Le ministre a également été interrogé sur l'économie française et l'exemple qu'il pouvait venir chercher en Israël.

"C'est important de regarder ce qui fonctionne et à cet égard l'écosystème israélien est exemplaire. C'est cette démonstration de l'alliance entre les chercheurs, les académiques, les entrepreneurs, parfois aussi les grandes entreprises et l'investissement public et privé. La France doit créer cet écosystème et à ce titre je crois que l'exemple israélien est un très bel exemple", a-t-dit.

ERIC PIERMONT (AFP/Archives)"L'économie n'est pas un instrument diplomatique"

Cette visite officielle est délicate sur le plan diplomatique alors que s'accentuent les pressions des militants pro-palestiniens et de la campagne BDS (Boycott, Désinvestissement, Sanction) sur les entreprises étrangères, associées à des projets israéliens en Cisjordanie.

En avril, avec 15 autres pays de l'Union européenne, la France avait appelé à appliquer pleinement la législation concernant l'étiquetage des produits fabriqués dans les implantations de Cisjordanie, de Jérusalem-est et du plateau du Golan, une mesure jugée discriminatoire par l'Etat hébreu.

A ce sujet, M. Macron a indiqué que "la position diplomatique française et européenne est claire et n'a pas changé et ne changera pas".

"L'économie n'est pas un instrument diplomatique. La France condamne avec beaucoup de force le boycott et toutes ces pratiques abusives.

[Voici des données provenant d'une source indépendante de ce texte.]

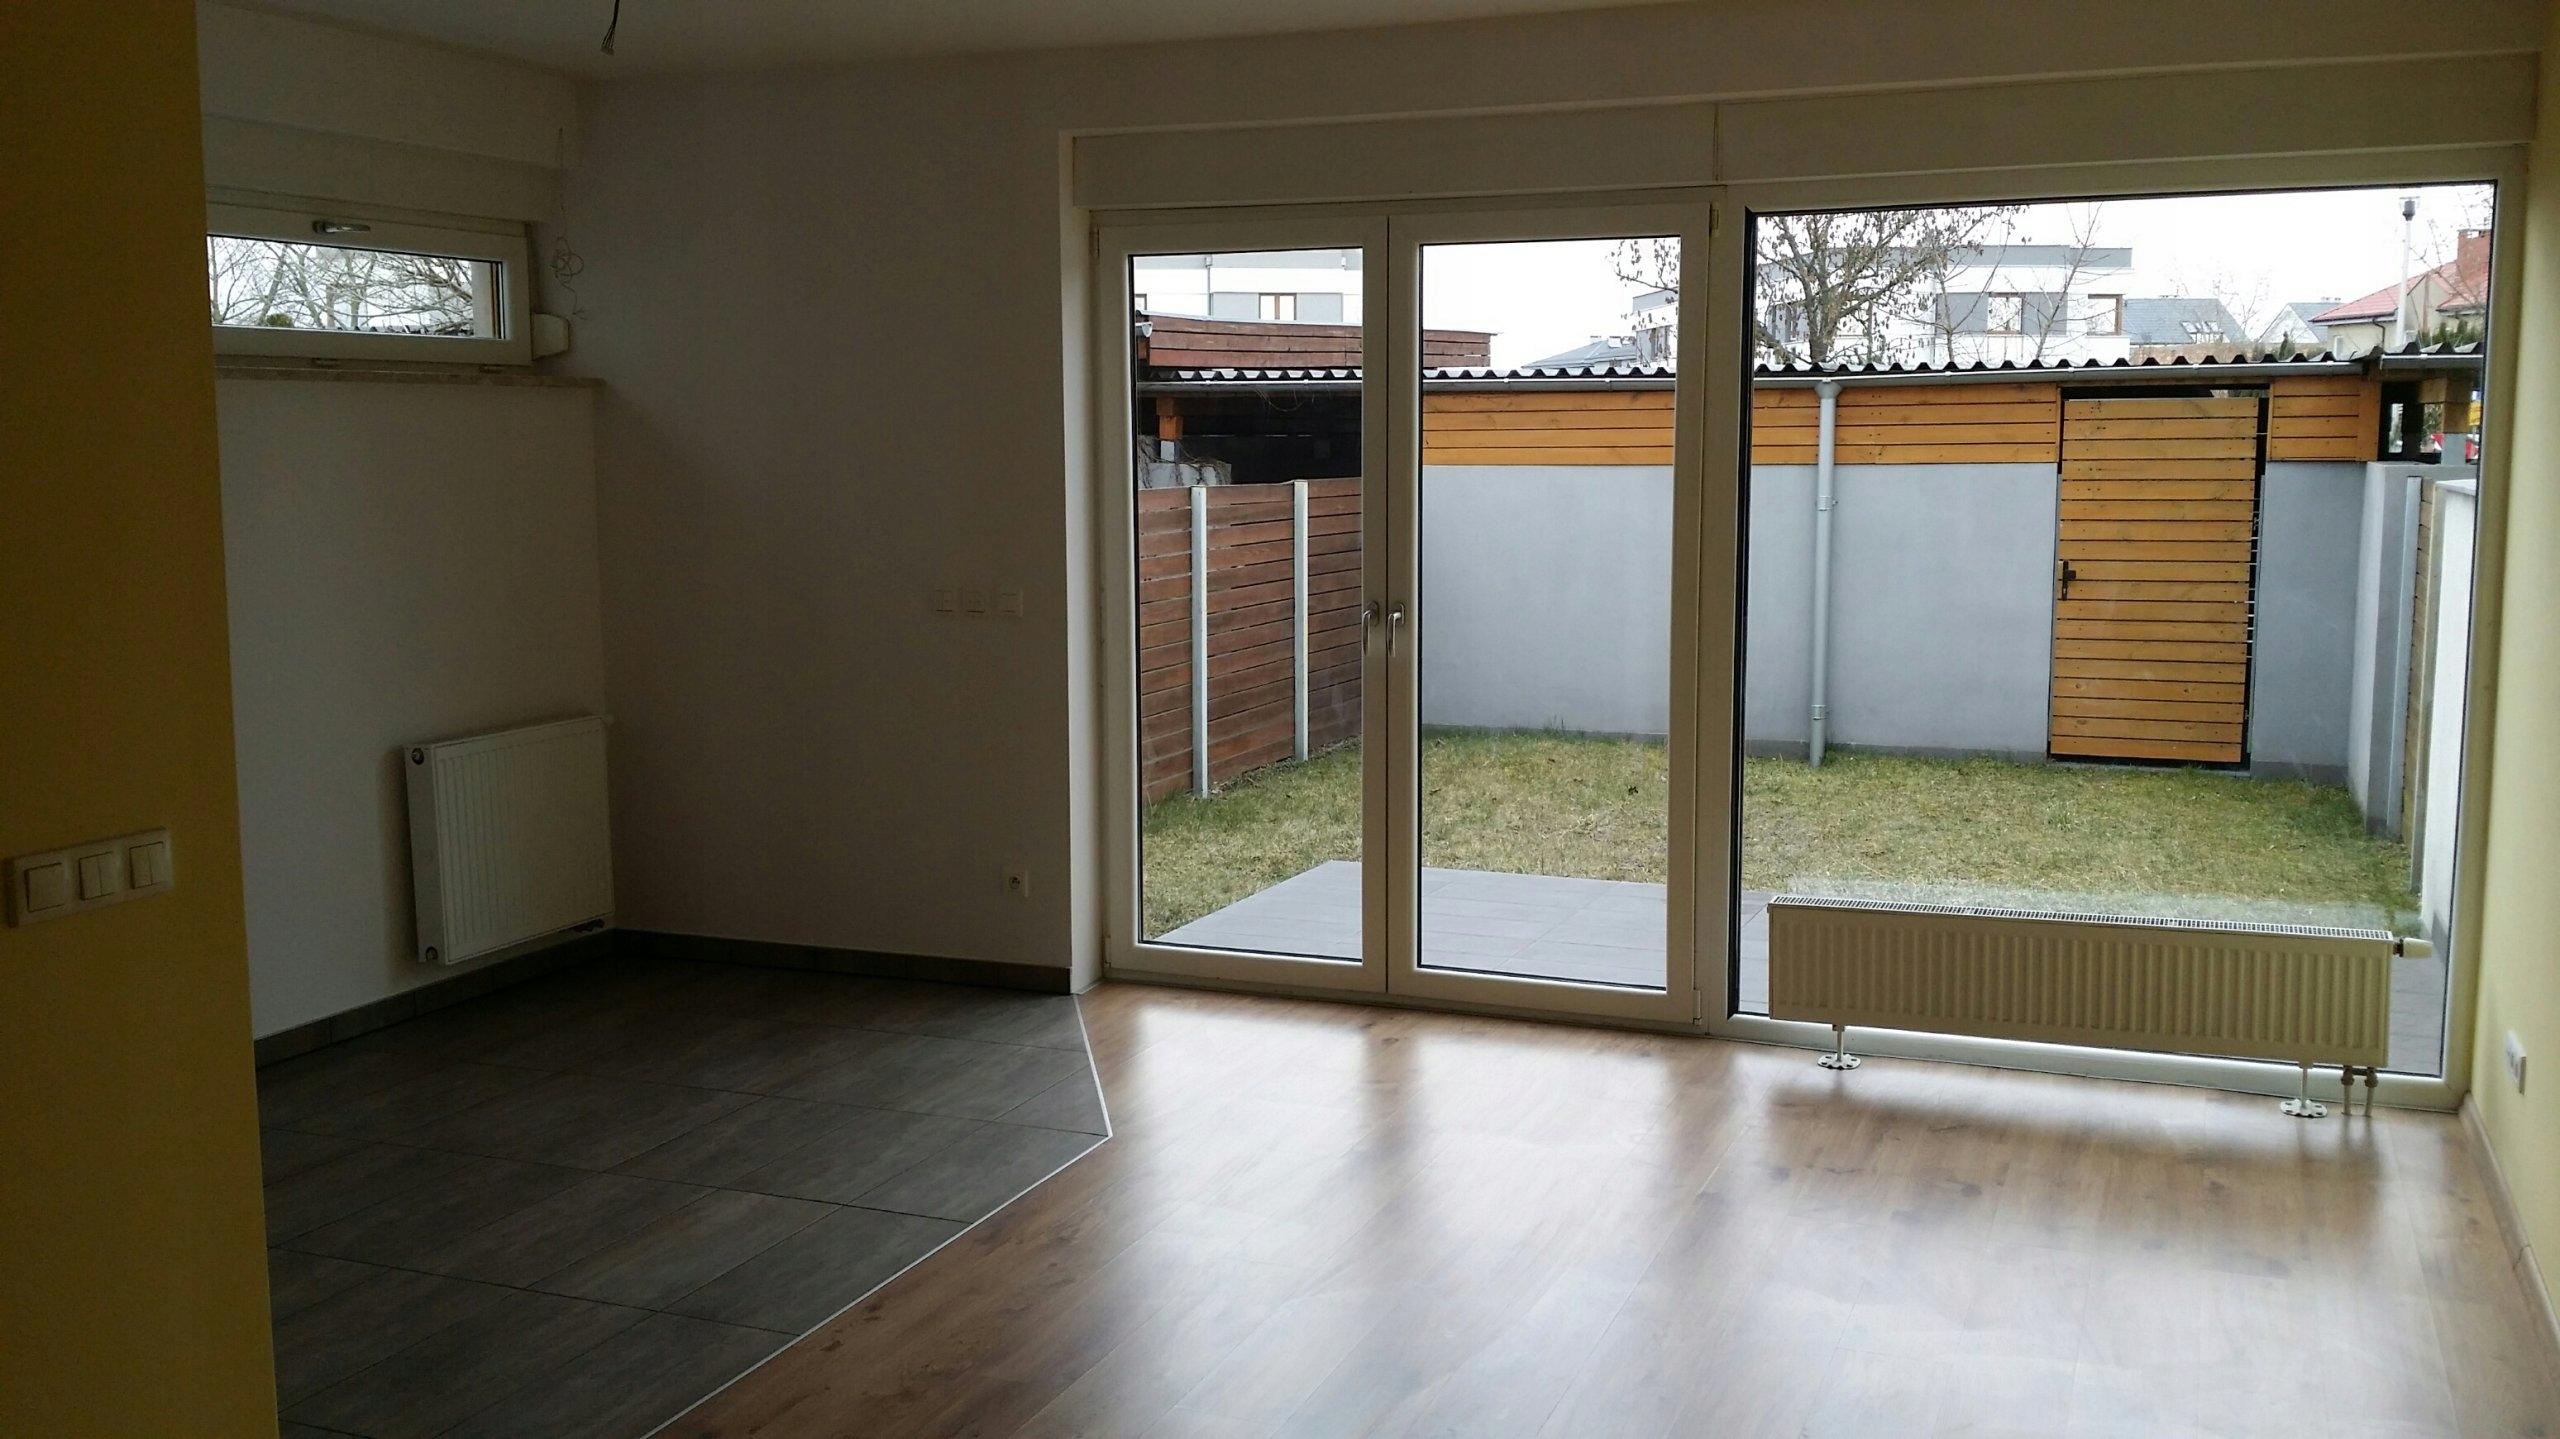 Aktualne Mieszkanie Poznań-Dąbrówka bezpośrednio sprzedam - 7390258789 VX52

Il n'y a pas de boycott, et il y a la volonté farouche de développer les relations économiques avec Israël", a-t-il continué.

Il a par ailleurs insisté sur la volonté française de participer au marché du gaz en Israël, voyant dans cette opportunité "une carte à jouer" pour intensifier les relations entre les deux pays sur le plan économique.

Le ministre a invité les entreprises françaises à revenir en Israël et à investir dans le pays de même que les entreprises israéliennes à venir s'installer en France. "Le lien économique emporte avec lui les liens humains et culturels et permet de résoudre les malentendus" a-t-il affirmé.

Le ministre s'est rendu en Israël avec une délégation de 50 entreprises pour intensifier ce lien.

Concernant les critiques récentes de Martine Aubry sur les 35 heures, le ministre a indiqué qu'"il faut regarder la France à l'aune du monde". "Nous devons avoir plus d'agilité et regarder en face les chiffres. Nous travaillons moins d'heures que nos voisins", a-t-il déclaré.

"Ces rigidité empêchent parfois de se réadapter quand on a des difficultés économiques", tout en précisant qu'"aujourd'hui nous sommes dans un monde de changements rapides" et qu'il existe une forme de "rigidité française" qui doit s'adapter à cette rapidité économique.

Selon lui, "travailler davantage pour les jeunes mais aussi pour les seniors, donner plus d'agilité aux entreprises pour organiser le travail, c'est se donner la capacité collective à réussir davantage". "Israël en est un formidable exemple", a-t-il ajouté.

M. Macron, également ministre de l'Industrie et du Numérique, doit s'exprimer mardi à Tel-Aviv au "festival de l'innovation et du numérique", point de convergence annuel des start-ups israéliennes et des investisseurs mondiaux auquel 150 entreprises françaises doivent participer.